Again a discounted cash flow analysis was used.  In this instance no regression was performed however.  North Hollywood's net operating profit during the forecast period were estimated through a process informed by history and judgment.  First [*47]  a base (1983) year forecast was established, and then assumptions about growth during the forecast period were made.

For his base forecast, Professor Rappaport adopted management's projections for calendar year 1983 sales at North Hollywood.  Alcar then assumed that the company would achieve a 19% operating profit margin during 1983.  The 19% figure was based on historic margins at North Hollywood. n30 Alcar normalized the historic data in a responsible way to eliminate the effect that abnormal silver reclamation profits had had upon North Hollywood's profit margin during fiscal years 1980 and 1981.  From the sales and profit margin figures, Alcar derived the costs and net operating profit projections for North Hollywood.  For years 1984-1987, Alcar adjusted its sales estimate to account for the loss of United Artists as a client, and otherwise assumed flat (zero) growth.  Sales were assumed to be constant by Alcar for reasons that on balance I find reasonable and operating profits were estimated to remain at 19% throughout the forecast period.

 

n30 The 19% forecast exceeds managements forecast of operating profit margin in 1983.  Alcar Rpt. p. 3.4.

 

 [*48]  

(ii) Reasonableness of Assumptions

The decision to adopt management's 1983 sales forecast for North Hollywood seems to me to be quite reasonable.  Historically, the company's one-year forecasts for North Hollywood had been quite accurate. n31 Also, as an intuitive matter, I find the unbiased n32 management forecast ordinarily to be more reliable than estimates later produced by experts who cannot be expected to be as familiar with the company as the company's own management.

 

n31 E.g., Tr. XIII (Torkelsen) at 71-73.

n32 Petitioners argument that those creating the plans had an economic incentive to under-predict success so that they could qualify for bonuses has been rebutted in the evidence.

 

 

I am also comfortable with Alcar's assumption of flat growth in 35mm output during the forecast period.  Professor Rappaport, unlike PVR, directly forecasted growth in film processing output for North Hollywood.  He based its forecast on historic data published in the Hope Reports Industry Quarterly.  That data  [*49]  indicated that from 1979-1982, Technicolor's 35mm footage output had decreased 4%.
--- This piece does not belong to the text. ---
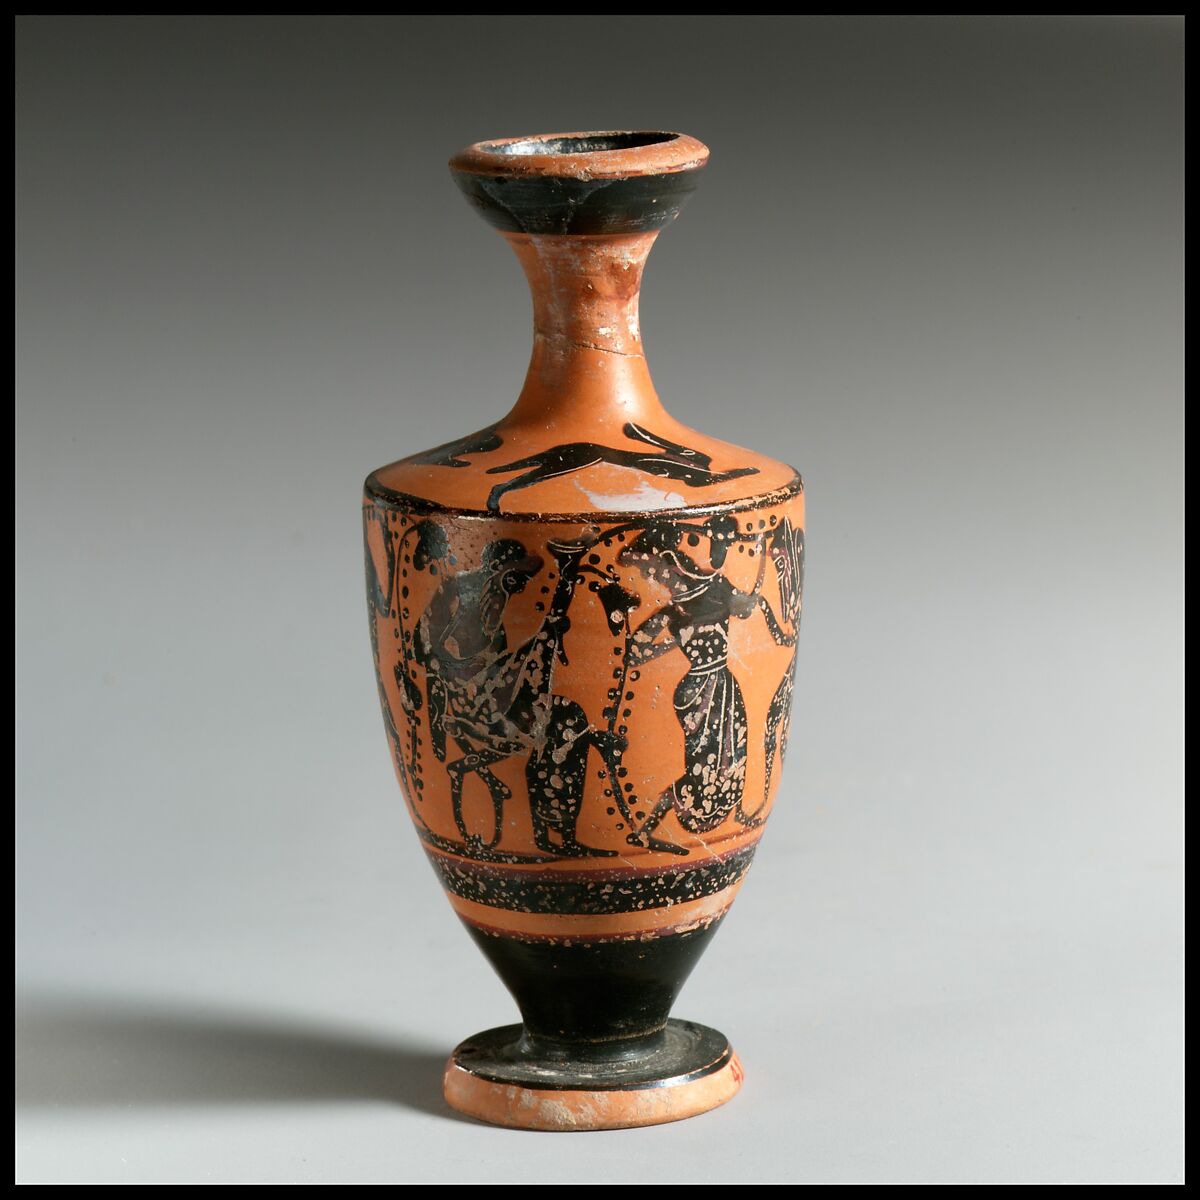 Lekythos, Attributed to the Class of Athens 581, Terracotta, Greek, Attic

In light of the Hope Report data, and the threat posed by alternative entertainment technologies, I conclude that Alcar's assumptions of flat growth in 35mm footage during the forecast period to be more reasonable, than Mr. Torkelsen's 2.31% annual growth forecast.

*** For these reasons I conclude that Professor Rappaport's valuation of the important film processing component of Technicolor is more likely to accurately estimate the statutory fair value of that component than is Mr. Torkelsen's estimation.

 

2.  Valuation of Videocassette Business

Professor Rappaport's technique (and the results of that technique) for valuing the videocassette business as of January 24, 1983 in my opinion, offers greater assurance of reliability than does Mr. Torkelsen's technique, which is predicated upon a series of statistical operations (logistic curve analysis, experience (cost) curve analysis) the application of which involves even greater speculation than is entailed in the technique employed by Professor Rappaport.  Professor Rappaport's technique, while in no sense involving scientific techniques,  [*50]  was a reasonable way to attempt to predict an especially unclear future.  I remarked at trial and affirm my belief that Professor Kloppfenstein's method (upon which Rappaport in part relied) while technical, is in no sense scientific; I do not conclude that it is useless, however.

Professor Rappaport valued the videocassette business as possessing a value (without regard to corporate debt and corporate expenses) of no more than $ 14,400,000 or approximately $ 3.50 per share. If those liabilities are deducted pro-rata from the assets with a positive value (see Alcar Rpt. Summary Page) the adjusted value of the videocassette business per share in Professor Rappaport's report would be about $ 2.00 a share.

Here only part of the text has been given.